The problem:
Without the pictures, output the lines of the material from the very first through the one that holds "Kortere sporen 1".

Data excerpt:
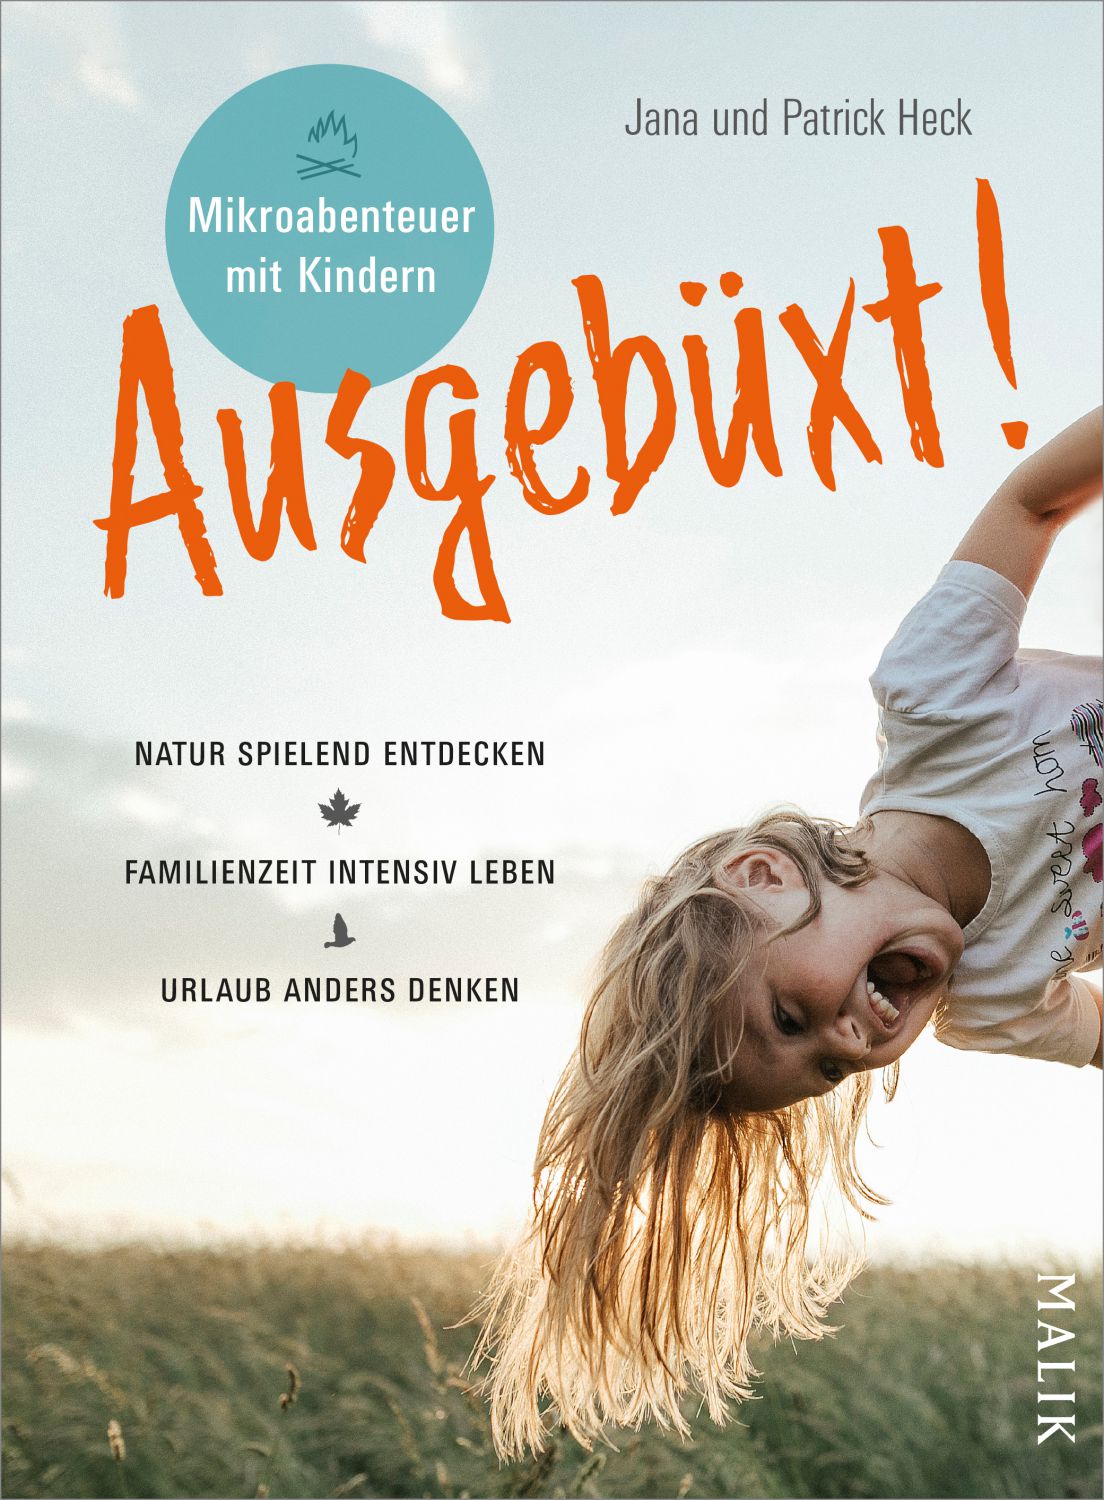 Ausgebüxt! - Mikroabenteuer mit Kindern (in German)
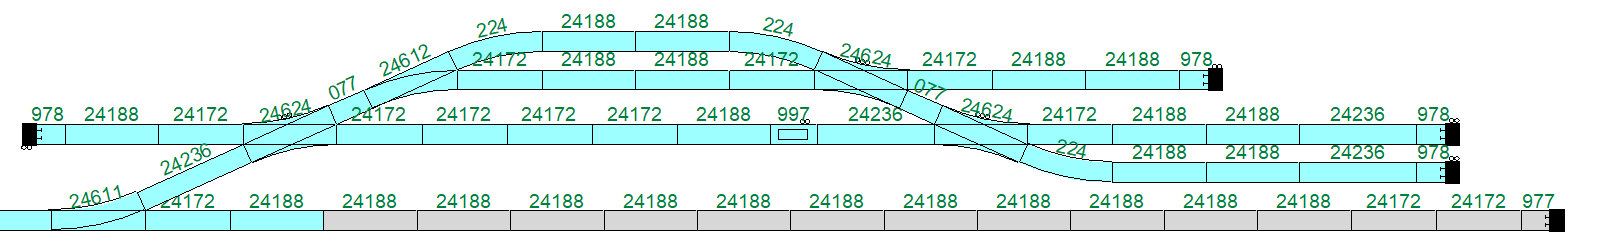 Kortere sporen 1 en 2, langer spoor 3 (b).png
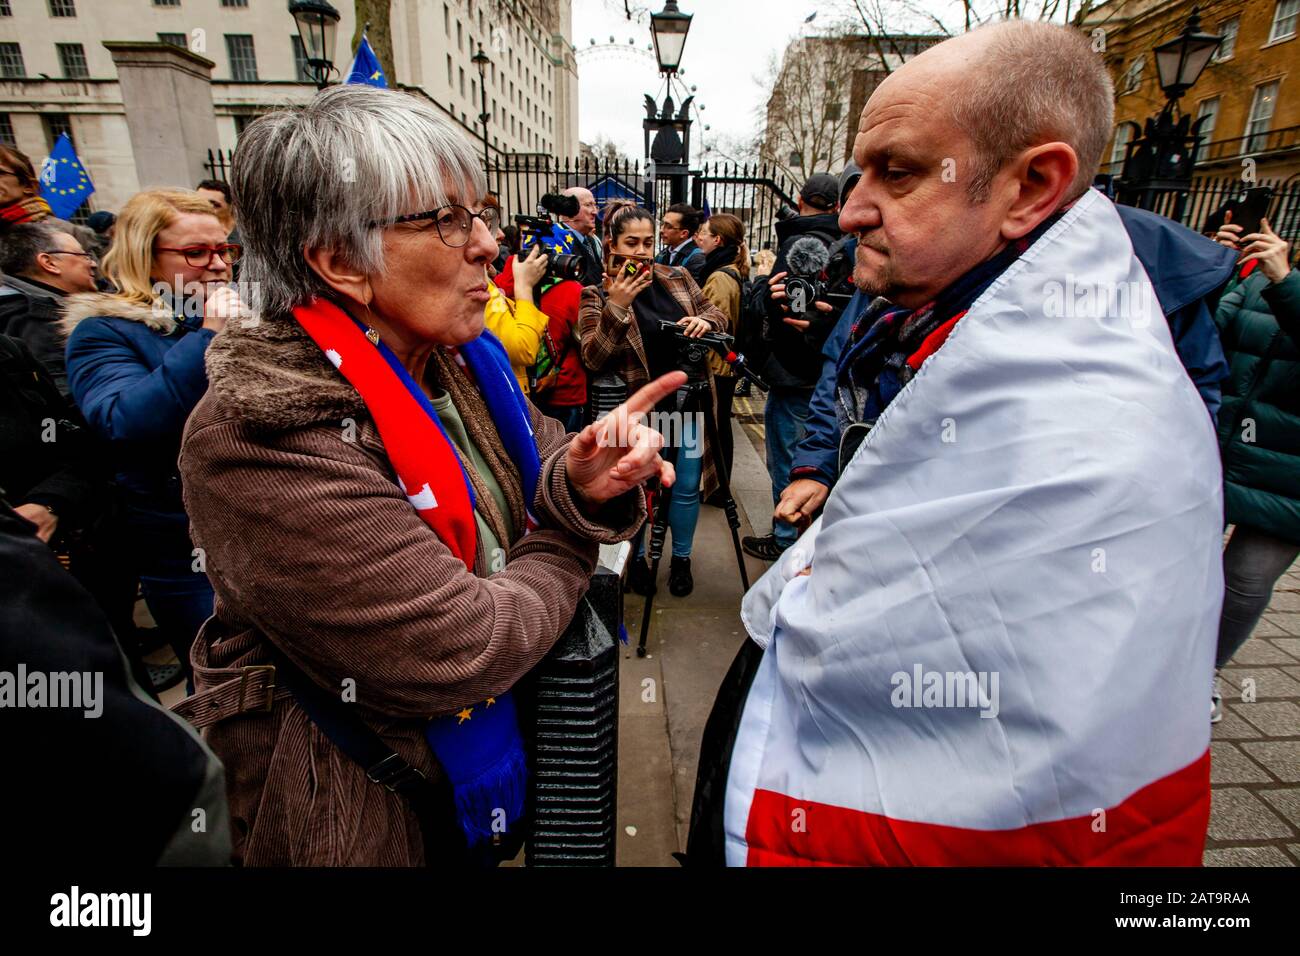 Londra, Regno Unito. 31st Gen 2020. Un confronto tra un sostenitore rimasto e Brexit vicino a Parliament Square, Londra mentre i sostenitori della Brexit si riuniscono per celebrare la Gran Bretagna che lascia l’UE. Credito: Grant Rooney/Alamy Live News Foto Stock

Exercise solution:
 Ausgebüxt! - Mikroabenteuer mit Kindern (in German)
 Kortere sporen 1 en 2, langer spoor 3 (b).png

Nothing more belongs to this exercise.